Centralized Inference Endpoint

A production-ready FastAPI application that provides a unified, multi-provider LLM inference proxy with automatic API key fallback, rate limiting, structured logging, and health monitoring. Supports OpenAI and Anthropic APIs with seamless format conversion and cross-provider routing.

Warning: This repo is functional but incomplete and may undergo further restructuring; model schemas, API handling, and execution may vary as devlopment progresses.

Features

Multi-Provider Support: Route requests to OpenAI or Anthropic based on model configuration
API Key Fallback: Automatic failover to backup API keys when rate limits or errors occur
Circuit Breaker Pattern: Failed keys enter cooldown period before retry
Format Conversion: Seamless conversion between OpenAI and Anthropic API formats (not perfect yet)
Streaming Support: Full Server-Sent Events (SSE) streaming for both providers
Structured Logging: Comprehensive request/response logging to SQLite database
Rate Limiting: Configurable per-client rate limits (requests and tokens per minute)
Health Checks: Basic and detailed health monitoring endpoints
CORS Support: Configurable Cross-Origin Resource Sharing
Error Handling: Provider-standardized error responses matching OpenAI/Anthropic formats

Installation

Clone the repository:

git clone https://github.com/BenItBuhner/model-proxy.git
cd centralized-inference-endpoint

Install dependencies:

# Install uv if you don't have it
pip install uv

# Install project dependencies
uv sync

Set up environment variables (see Configuration below)

Configuration

Environment Variables

Create a .env file or set the following environment variables:

Required

CLIENT_API_KEY: API key for client authentication (required for all requests)

Provider API Keys

OPENAI_API_KEY: Primary OpenAI API key (or OPENAI_API_KEY_1)
OPENAI_API_KEY_1, OPENAI_API_KEY_2, ...: Additional OpenAI API keys for fallback
ANTHROPIC_API_KEY: Primary Anthropic API key (or ANTHROPIC_API_KEY_1)
ANTHROPIC_API_KEY_1, ANTHROPIC_API_KEY_2, ...: Additional Anthropic API keys for fallback

Optional

KEY_COOLDOWN_SECONDS: Cooldown period for failed API keys (default: 300 seconds / 5 minutes)
REQUIRE_CLIENT_API_KEY: Set to "true" to fail startup if CLIENT_API_KEY is missing (default: "false")
FAIL_ON_STARTUP_VALIDATION: Set to "true" to fail startup on validation errors (default: "false")
CORS_ORIGINS: Comma-separated list of allowed CORS origins (default: "*")
RATE_LIMIT_REQUESTS_PER_MINUTE: Maximum requests per minute per client (default: 60)
RATE_LIMIT_TOKENS_PER_MINUTE: Maximum tokens per minute per client (default: 100000)

Provider Configuration

Provider settings are configured in JSON files under config/providers/:

config/providers/openai.json: OpenAI provider configuration
config/providers/anthropic.json: Anthropic provider configuration

Each provider config includes:

endpoints: Base URL and endpoint paths
authentication: Header format and authentication method
api_key_env_patterns: Environment variable patterns for API keys
request_config: Timeouts, retries, and default parameters
proxy_support: Optional proxy URL override for OpenAI-compatible endpoints

Model Configuration

To add a new model, create a JSON file in config/models/ named <logical_model>.json with the routing configuration.
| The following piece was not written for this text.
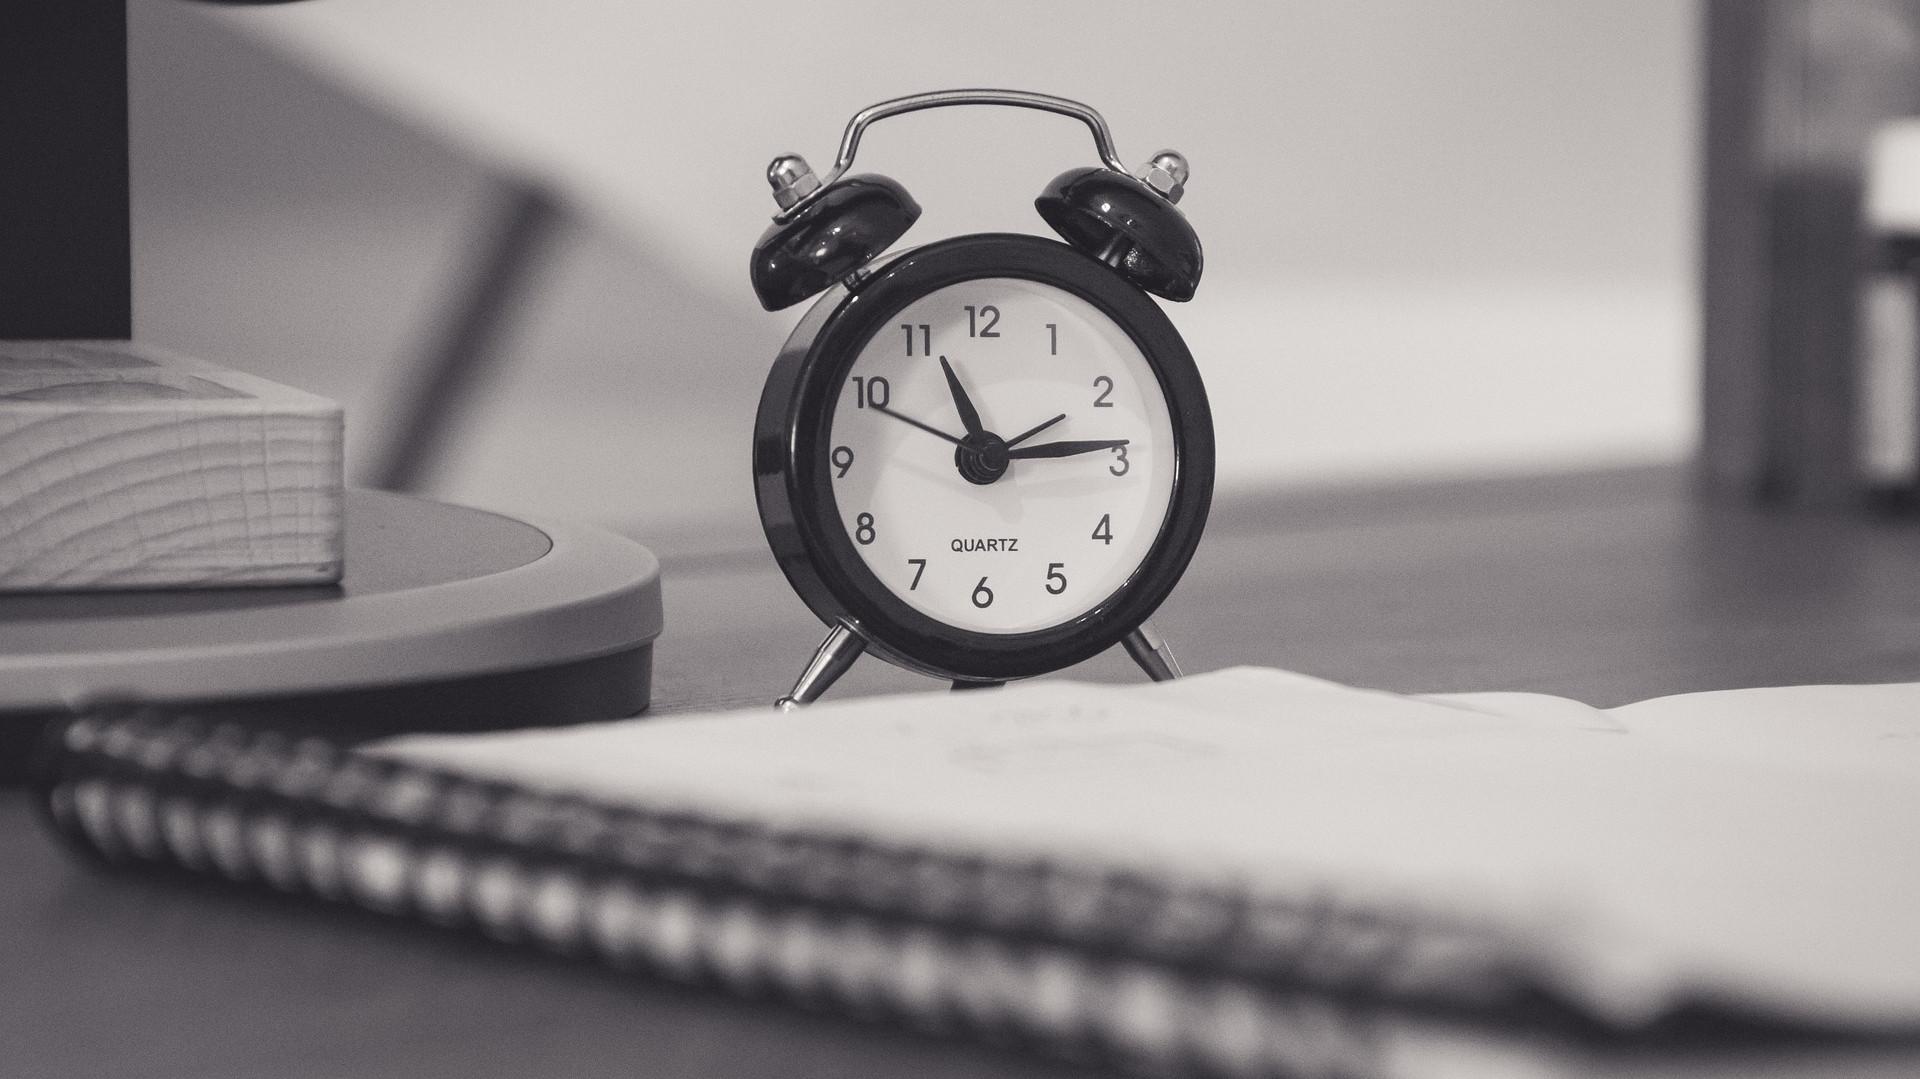 SAP-Personalchef sieht Spielraum bei Umsetzung des Arbeitszeit-Urteils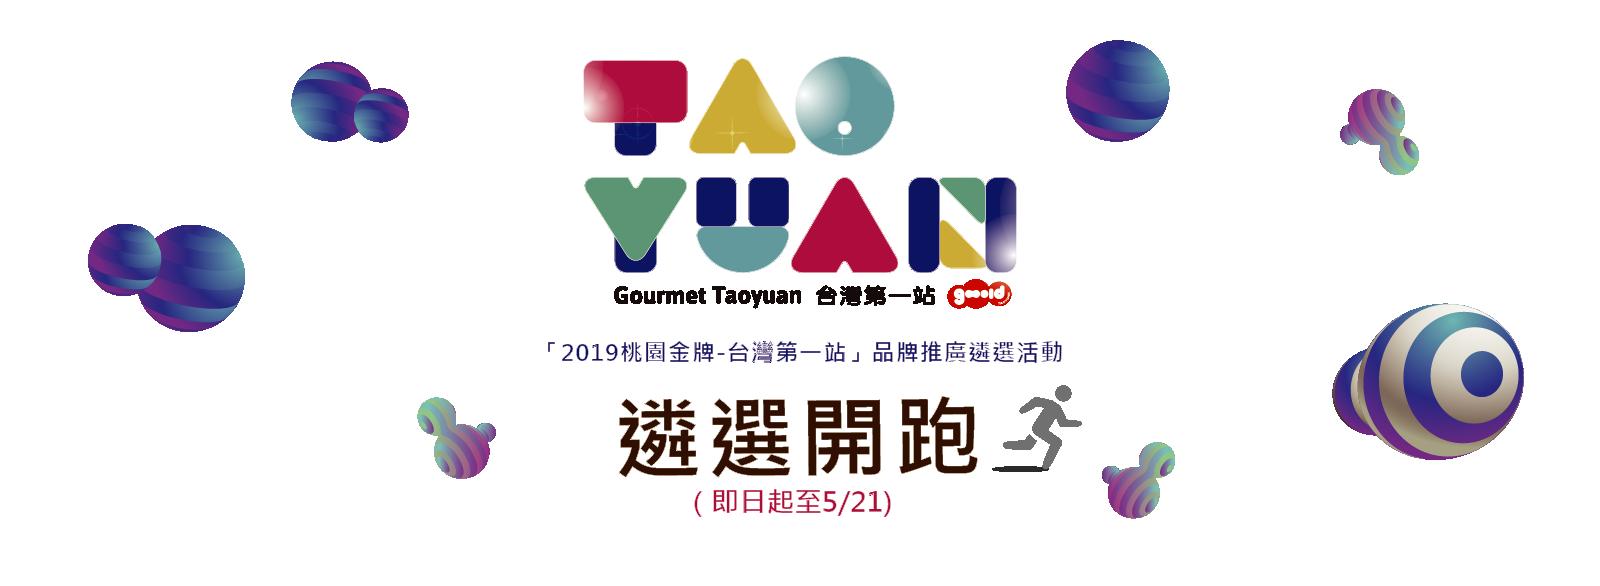 一年一度,桃園金牌-台灣第一站-品牌推廣活動開跑瞜!

Models are defined as individual routing configuration files under config/models/. Each logical model has its own JSON file named <logical_model>.json that describes routing (primary provider, fallbacks, timeouts, and optional overrides for API keys or wire protocol).

Example config/models/gpt-5-2.json (simplified):

{
  "logical_name": "gpt-5.2",
  "timeout_seconds": 60,
  "model_routings": [
    {
      "id": "primary",
      "provider": "openai",
      "model": "gpt-5.2"
    },
    {
      "id": "secondary",
      "provider": "azure",
      "model": "gpt-5.2"
    }
  ],
  "fallback_model_routings": ["gpt-5.1"]
}

Notes:

The new routing system reads per-model JSON files in config/models/ using app.routing.config_loader.ModelConfigLoader.
Use config_loader.get_available_models() to list logical models programmatically.
wire_protocol and api_key_env are optional per-route overrides. If omitted, the provider config determines the wire protocol and API key env var patterns.
If you previously used a single config/models.json (the legacy flat mapping), you should migrate to per-model files by creating one JSON file per logical model in config/models/. A migration script can be added to automate splitting the flat mapping into per-model files; otherwise create files by hand using the example above.

Running the Application

Local Development

uv run uvicorn app.main:app --port 9876

The API will be available at http://localhost:9876

Docker

Build the Docker image:

docker build -t centralized-inference-endpoint .

Run the container:

docker run -d -p 9876:9876 \
  -e CLIENT_API_KEY=your_client_key \
  -e OPENAI_API_KEY_1=your_openai_key \
  -e ANTHROPIC_API_KEY_1=your_anthropic_key \
  centralized-inference-endpoint

Docker Compose

For local development:

docker-compose up

For production:

docker-compose -f docker-compose.prod.yml up -d

API Endpoints

OpenAI-Compatible Endpoints

POST `/v1/chat/completions`

OpenAI-compatible chat completions endpoint (non-streaming).

Request:

{
  "model": "gpt-5.2",
  "messages": [
    {"role": "user", "content": "Hello!"}
  ],
  "temperature": 0.7,
  "max_tokens": 100
}

Response: Standard OpenAI chat completion response format.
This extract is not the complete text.